• Justin Schaub

HOW TO FIND BMW PART NUMBERS QUICKLY

Over the years many BMW ETK catalogs have popped up which allow us to search for the exact part number we are looking for. ETK stands for Ersatzteilkatalog in German, which means spare parts catalog appropriately. Coming from aviation, we used illustrated parts catalogs from the manufacturers to find the exact part we needed fast. These catalogs first break down by your year, type, and model, then break down by the section of the car (engine, transmission, interior etc). They use pictures to quickly sort through all of the parts in that section.


Over the last 15 years, I have been using Real OEM for this application, as I feel its the quickest and least intrusive. So let's dive into this and see what it can all do.


First head over to www.realoem.com. When you land at the home page, there will be a large blue font that says "Click here to enter BMW catalog." If you have an Audi, Mercedes, Porsche, Saab, or Volkswagen, there is a link below this to enter those ETKs, but this is a BMW site, so let's get into the BMW catalog.



From here you can search for parts 3 different ways.

  1. Enter the VIN number of your car - the website has a vin decoder built in, so if you have your BMWs VIN number, you can enter it and it will find the exact year, make model, and options that you BMW came with.

  2. Part Number Search - If you know the part number already, you can reverse search with this option to see where it goes. This can be helpful if you have a part number laying around and don't know where it goes or what BMW it goes on to.

  3. Enter the info through the drop down tree - this is what I mostly use as I do not have my VIN handy. This is a simple tree where you choose your series, body, model, production month, and year. Keep in mind there are two catalogs now. A current and classic catalog. As of now E36 and older are in the classic catalog, but as chassis's become older and older, Real OEM, tends to move them into the classic catalog. I assume E46 will be very soon.



Once you choose your BMW, the next page brings us to an array of options broken down by areas in the car. Some of these options are engine, fuel supply, radiator, clutch, transmission, driveshaft, lighting and so on. Hopefully you know the relative location of the part you are looking for. Sometimes it can be tricky as BMW hides parts in sections you would not think they are in, so some trial and error is necessary at times.
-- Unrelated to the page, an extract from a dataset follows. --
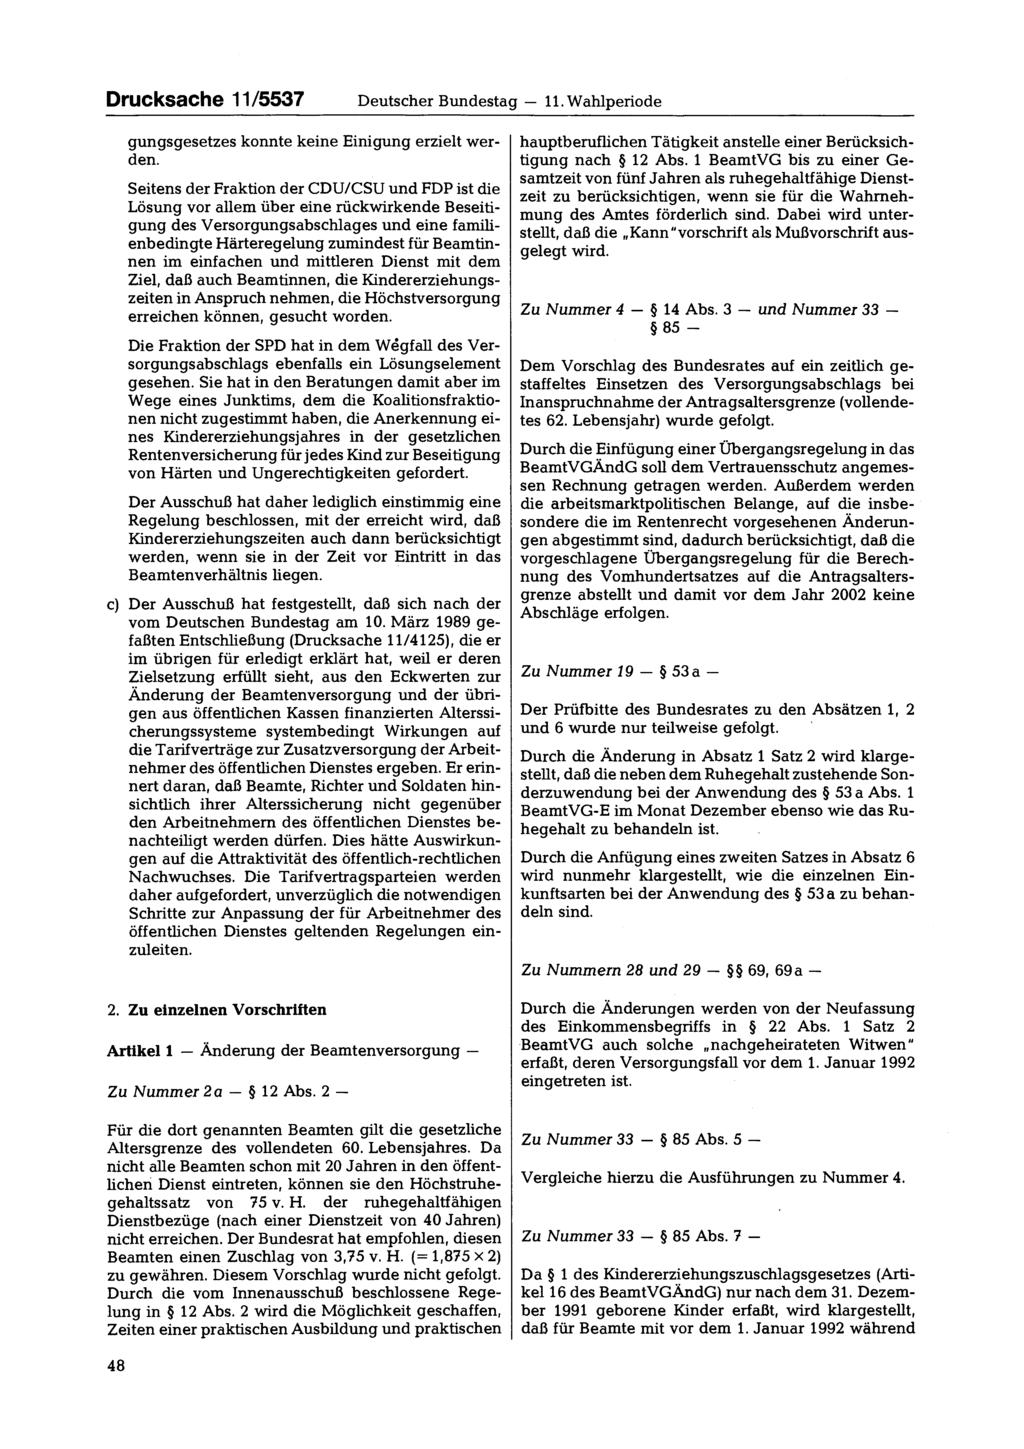 Drucksache 11/5537 Deutscher Bundestag 11. Wahlperiode gungsgesetzes konnte keine Einigung erzielt werden.

Let's choose a part and walk through the process. On the BMW E36 chassis with the 6 cylinder engines, the oil filter housing gasket seems to dry out causing leaks. Let's dig into the ETK to find the part number for this gasket.



I know that the gasket is on the engine and part of the oil system. The oil filter housing gasket makes an oil tight connection between the side of the engine and the oil filter housing. So my best guess as to where this part would be located is in the engine section.



After clicking on the engine section, we are offered another drill down of various sections within the engine. Some of these include: engine housing, cylinder head, valve train, exhaust manifold etc. At this point you will just need to scroll through these pictures and try to find the most appropriate location for the part you need. I know that our oil filter housing has something to do with the oil system, so I found a section called "lubrication system." This seems like the best fit for me.



Inside the engine category, and then inside the lubrication system category, there are another two choices:

  • Lubrication System Oil Filter

  • Lubrication System/Oil Pump with Drive

Looking at the pictures for both of these, it looks like my best option would be the first, as it has to deal with the oil filter. Let's click that.



We are now shown an exploded view of that section of the engine. From here you can look on the picture for the part you need, or start reading through the table below it to see if you can find the description you are looking for. The exploded view has numbers next to each part that you can buy. Since I have done this gasket in the past, I know what it looks like, and it is number 8 in the picture. Scroll down through the table and find number 8. This simply says gasket. If you look to the right you can see the part number of the gasket, "11421719855." Real OEM will also give you an approximate price, but these vary so much with different vendors that I would not go off of this. This would also be the BMW price, but there are many aftermarket companies out there that make these parts and you can find the price much lower.



Before we end this there are a couple more things that you can do. Some of the parts actually have a little camera icon. You can click this and it will show you what the actual product looks like in real life. The last feature that I find I use quite often, is that you can click on the part number itself. This will bring you to another page where it will show you all of the BMWs that use this part number. This comes in handy for No Longer Available parts. If the part you need is is not made anymore, you can cross reference the part number and maybe find the part on a different car at the junk yard. Pretty slick huh.



After you found your part number, you can copy and past that part number into your favorite online parts supplier.


Don't forget that we (Race German) have access to tens of thousands of OEM and aftermarket parts. Even if they are not on our website, contact us and we can get you the part you need at a great price!



This tool is very handy and something I use weekly, if not daily. Happy hunting!